For the year-end audit, Turbodyne changed from Canadian GAAP to US GAAP
due to its pending domicile move to the United States. This accounting change
resulted in the reclassification of $ 6.6 million in research and development
to an expense from a capitalized line item, thereby reflecting higher expenses,
which resulted in an increase in the reported loss for 1997. The net loss
reflects, as previously announced, one time non-operating adjustments as
required by the change from Canadian to US GAAP. This audit was the first audit
completed for Turbodyne by its new accounting firm KPMG Peat Marwick LLP, in
Los Angeles, CA.
Turbodyne's balance sheet has strengthened from a year ago with about a
$ 3.5 million increase in current assets, an increase in working capital to
$ 8.5 million from $ 7.2 million, and the ratio of current assets to current
liabilities is 2:1.
Turbodyne's executive management believes the outlook for 1998 remains
strong as the company rolls out its breakthrough technology on a global scale.
After receiving official EPA certification, the company began shipping
Turbopacs(TM) through its purchase order agreement with Detroit Diesel Corp.
for the EPA's Urban Bus Retrofit/Rebuild program. The company also recently
began testing Turbopacs(TM) on public transit buses in France, as well received
approval to install units in a pilot program for Ralphs Grocery Company's
diesel truck fleet in California.
"Management also expects to see significant growth from the light metals
division in 1998," Singleton said. "This division is experiencing rapid growth,
mainly due to the increase in the Mexican content laws for auto makers with
existing facilities in Mexico. This division's backlog currently stands at
$ 115 million."
Turbodyne Systems, the high technology division of Turbodyne,
manufactures, designs, markets and develops patented pollution-reduction, fuel
economy and performance enhancing technology for internal combustion engines in
the automotive, transportation, construction, marine, agriculture, mining,
military and power generation industries. Turbodyne's light metals division is
a manufacturer of machined aluminum castings and a leading supplier to the
automotive industry.
Offices and plants are located in Carpinteria, La Mirada, Encinitas and
Woodland Hills, CA; Ensenada and Mexico City, Mexico; Northants, England;
Frankfurt, Germany; Vancouver, Canada; and Paris, France.

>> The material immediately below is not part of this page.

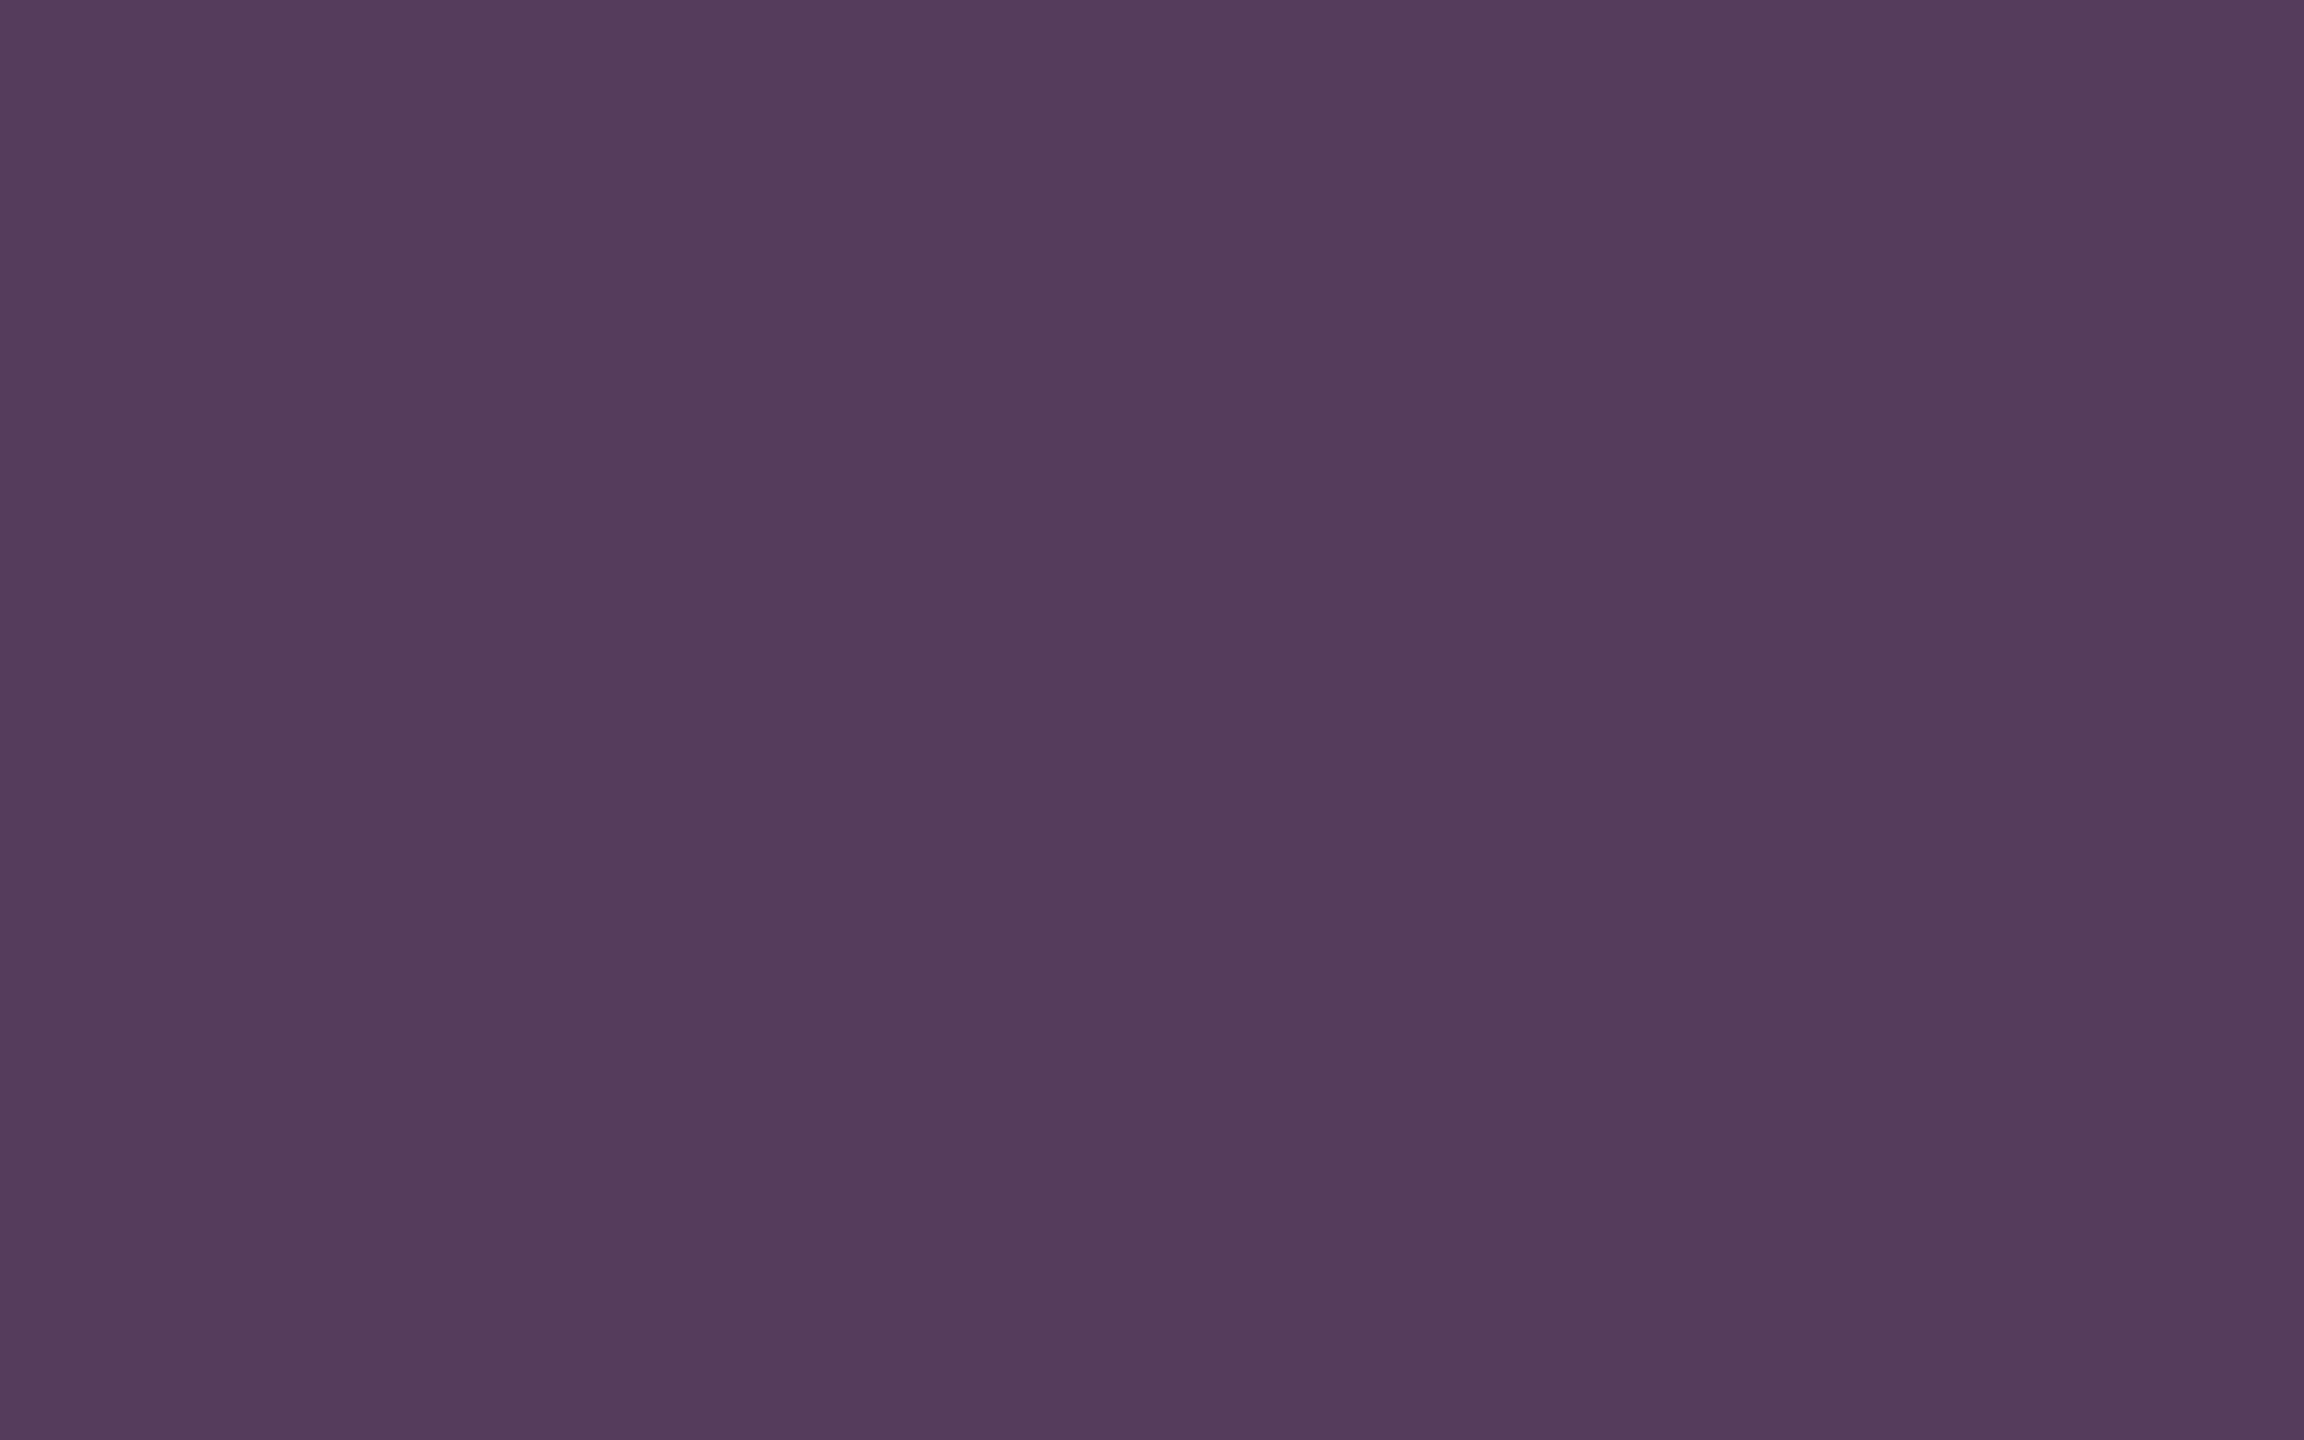 2304x1440 English Violet Solid Color Background
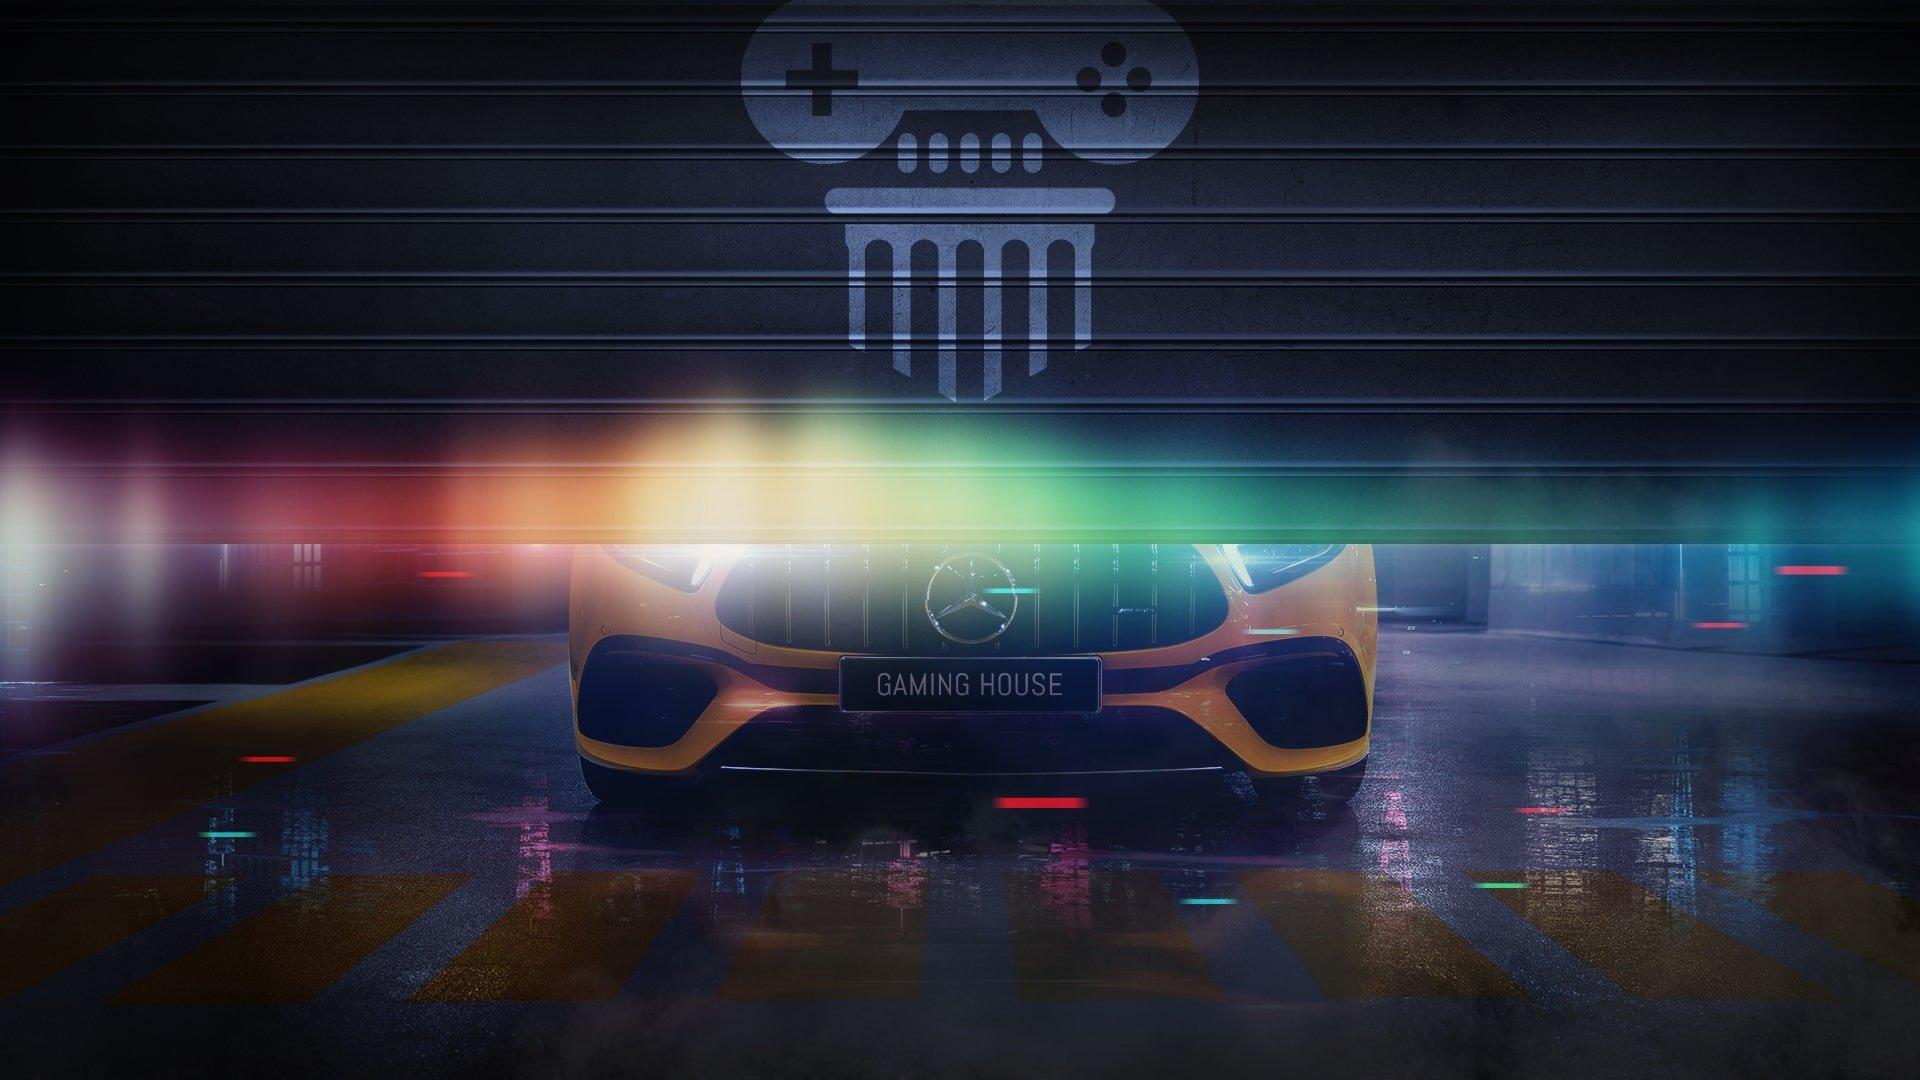 Mercedes-Benz Italia è Official Title Sponsor della Gaming House di Mkers

TURBODYNE TECHNOLOGIES INC.
"John P. Singleton"
- -----------------------------
John P. Singleton
Chief Operating Officer & CFO
Turbodyne's world wide web address is: http://www.turbodyne.com
Except for the historical information contained in this news release, the
matters discussed herein include forward-looking statements that involve risks
and uncertainties. Among the important factors that could cause actual results
to differ from those indicated in the forward-looking statements are: the
availability and acceptance of the Turbodyne products; the impact of
competitive products and pricing; the performance by the company under existing
purchase contracts and the ability to obtain new contracts; the ability of the
company to contain expenses, conditions within the global automotive market,
general economic conditions and political changes both domestically and
overseas.
TURBODYNE TECHNOLOGIES INC.
AND SUBSIDIARIES
Consolidated Statements of Operations
Years Ended December 31, 1997 and 1996
1997 1996
-------------- -------------
Net Sales $ 39,165,000 13,944,000
Cost of goods sold 32,326,000 12,101,000
-------------- -------------
Gross profit 6,839,000 1,843,000
Selling, research, general and
administrative expenses 18,982,000 7,781,000
-------------- -------------
Loss from operations (12,143,000) (5,938,000)
Other expense (income):
Interest expense, net 770,000 360,000
Other, net 66,000 (315,000)
-------------- -------------
Loss before income taxes (12,979,000) 5,938,000)
Income tax expense (benefit) 206,000 (420,000)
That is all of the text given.